◆ **Goal of the exercise**
From the listing that follows, reproduce only the lines from the one holding "Rivonia Premier Lodge" through the one holding "The protagonist of", both included, with no pictures.

** Opening Source material block **

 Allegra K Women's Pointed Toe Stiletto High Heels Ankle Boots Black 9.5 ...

** Closing Source material block **
** Opening Source material block **

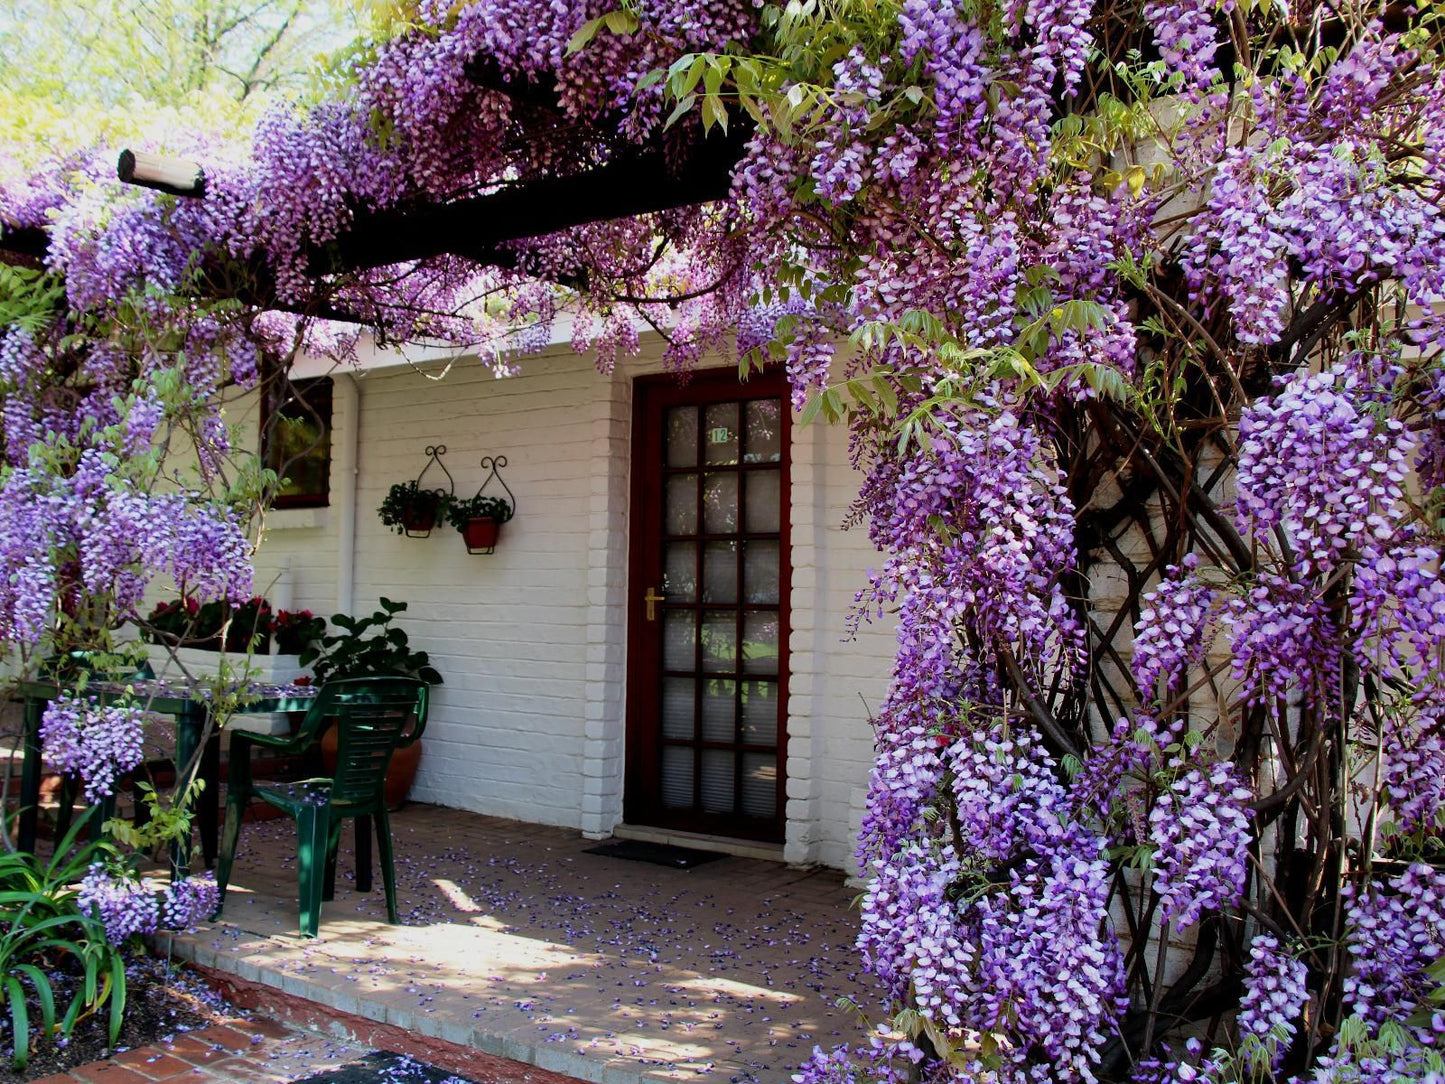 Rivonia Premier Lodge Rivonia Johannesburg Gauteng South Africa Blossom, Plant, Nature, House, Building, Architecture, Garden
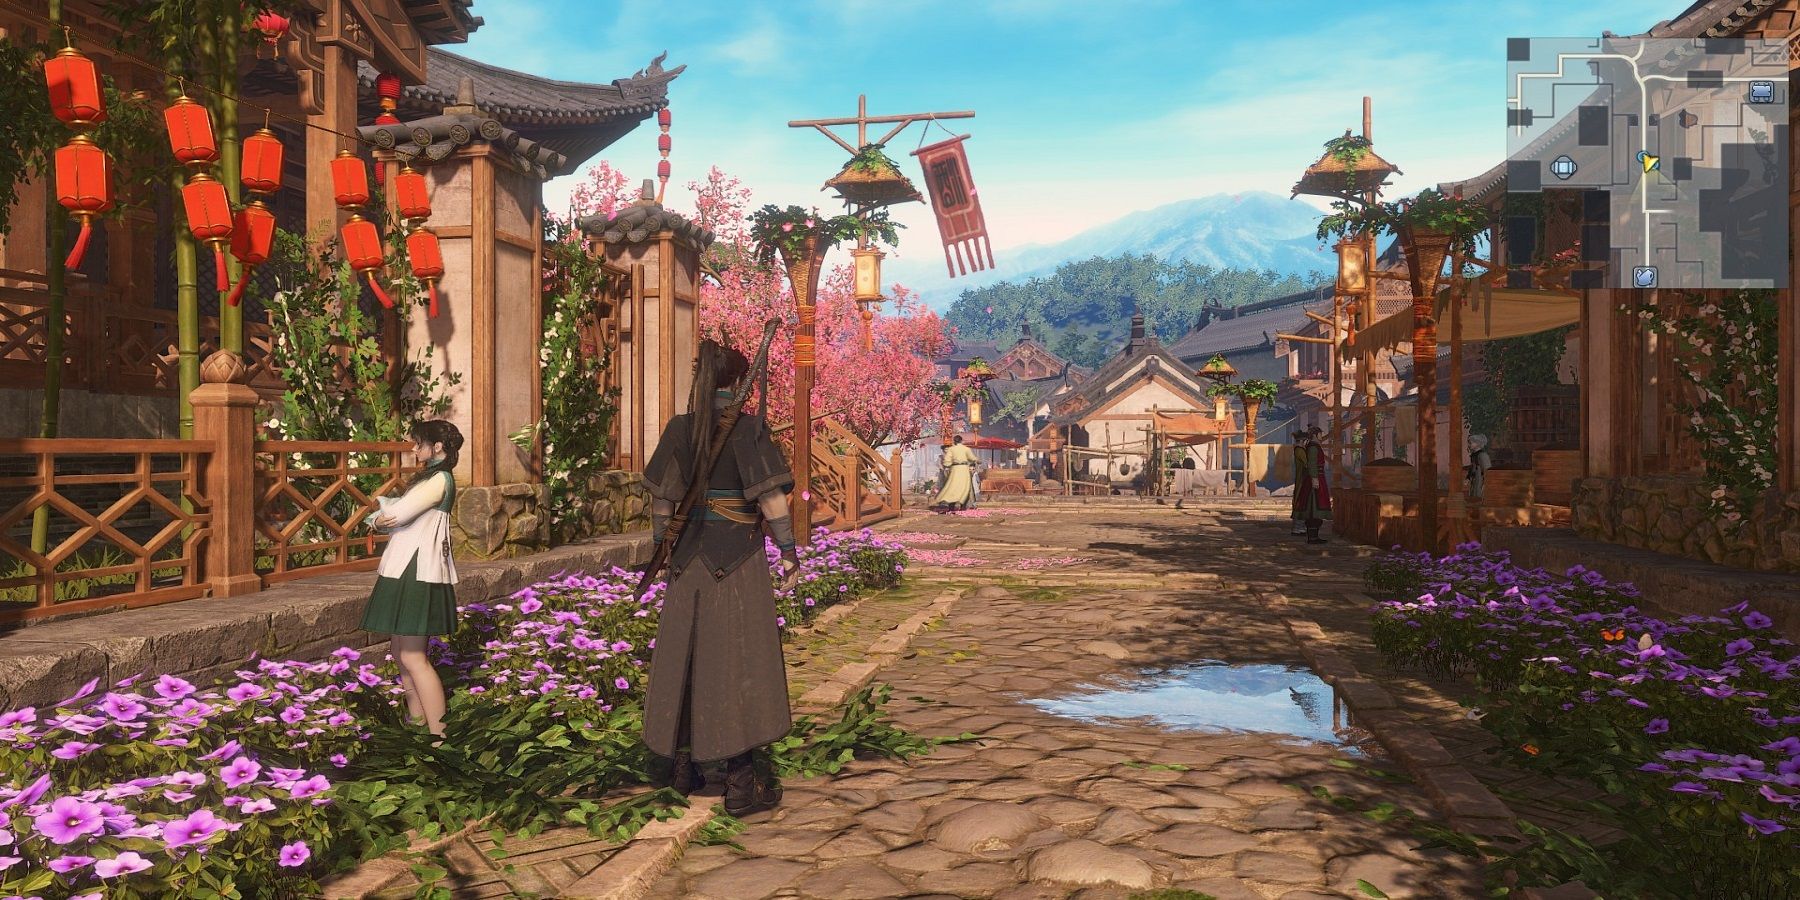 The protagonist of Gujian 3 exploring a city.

** Closing Source material block **
** Opening Source material block **

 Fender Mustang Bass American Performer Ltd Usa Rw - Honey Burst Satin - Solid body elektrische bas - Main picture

** Closing Source material block **

◆ **Exercise response**
 Rivonia Premier Lodge Rivonia Johannesburg Gauteng South Africa Blossom, Plant, Nature, House, Building, Architecture, Garden
 The protagonist of Gujian 3 exploring a city.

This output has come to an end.